# got the sl30sh but



## rattler (Jul 3, 2004)

it came with 2 sets of magnets and no instructions on how to install them...i sure don't want to take it apart and screw it up...can anuone point me to a web site...thanks


----------



## Sandcrab (Mar 20, 2002)

*Reel tuning instruction by Neil*

http://neilmackellow.sea-angler.org/reel_tuning.html

This should help.

Sandcrab


----------



## rattler (Jul 3, 2004)

thank you,thank you, thank you!!!!!!!!! i knew someone could help...


----------



## SALTSHAKER (Dec 5, 2002)

*Slosh 30*

You are gonna love it, good fishing with it...


----------



## Cdog (Mar 18, 2002)

rattler, start with the two reds and once you get comfortable you can play with different combos. Me I decided when fishing I like to catch fish VS pick hairdos so I still run both reds. Enjoy,ya picked a great reel.


----------



## rattler (Jul 3, 2004)

hope the tsunami 11' rated 4-10 works as well as i'm sure the reel will...decided not to go w/tica due the eye popping issues...same blank...when i got this one there was another next to it (same model #) but said it was rated 3-8...and was priced $10 more...got any clues on that one...


----------



## Connman (Apr 14, 2001)

Rattler did you mean Magnets or weights ?


----------



## rattler (Jul 3, 2004)

well what ever they are i have 2 reds in...they are deff mags...


----------



## Cdog (Mar 18, 2002)

rattler said:


> well what ever they are i have 2 reds in...they are deff mags...
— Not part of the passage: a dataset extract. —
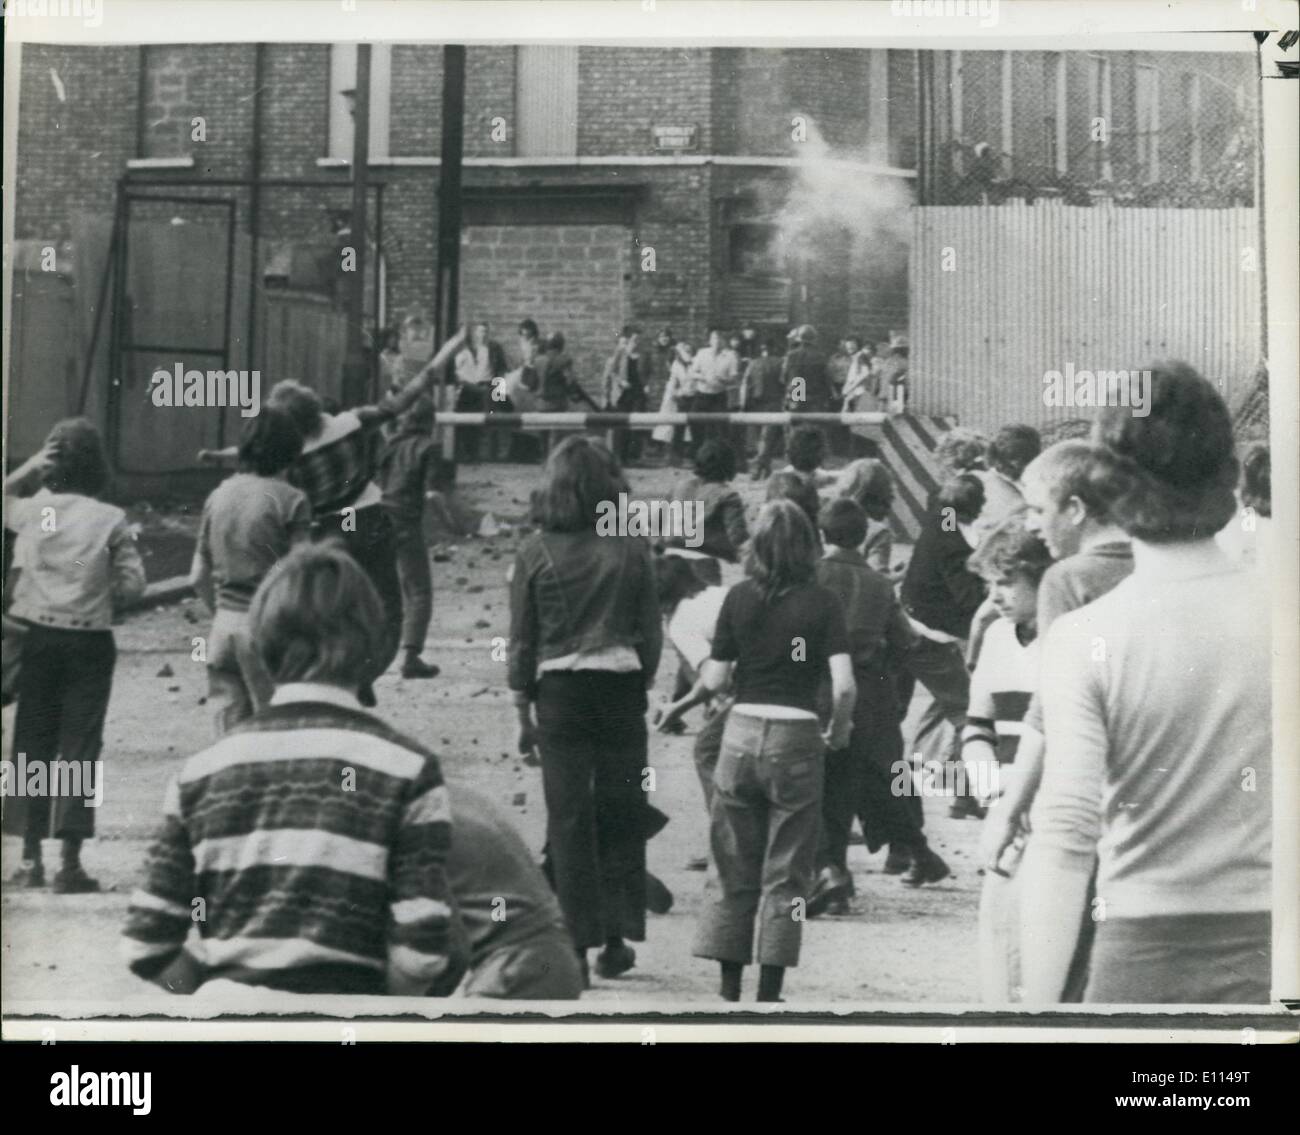 8. August 1975 - vier-Jahr-altes Mädchen In Ulster Feuergefechten getötet; Ein 4 - Jahres altes Mädchen getötet wurde gestern Abend während der Gub Kämpfe zwischen Truppen und Terroristen im Bereich Lower Falls von Belfast. Der Kampf war der Höhepunkt der Ulster die heftigsten Wochenende seit Beginn der Provisional IRA ihren Waffenstillstand vor acht Monaten. Die Schießereien, m vorsah Protestanten und Katholiken, brach AS 300 katholischen Jugendlichen nach einer 2, 000 Mann starke Rallye durch den protestantischen Bereich Percy und Northumberland Street randalierten Stockfoto

They are the brake blocks. Not magnets.


----------



## rattler (Jul 3, 2004)

they may be breake blocks...but they attract each other...magnetic break blocks??????...i've been playing with the white ones...they act like mags to me...


----------



## Mark G (Nov 15, 2004)

*brake blocks*

They are friction blocks, they work on centrifigal force, not magnetism, they are plastic(no magnetic properties)


----------



## rattler (Jul 3, 2004)

ok...what ever they are , this thing throws like a deamon...i need practice times 6...i either hold short or blow up...educated thumb in training...thanks for the help...


----------



## Cdog (Mar 18, 2002)

rattler said:


> ok...what ever they are , this thing throws like a deamon...i need practice times 6...i either hold short or blow up...educated thumb in training...thanks for the help...


Dont forget you can adjust the spool tension knob on the right side. Dont tighten too much tho.


----------



## rattler (Jul 3, 2004)

been there, done that...i'm working on it...thanks


----------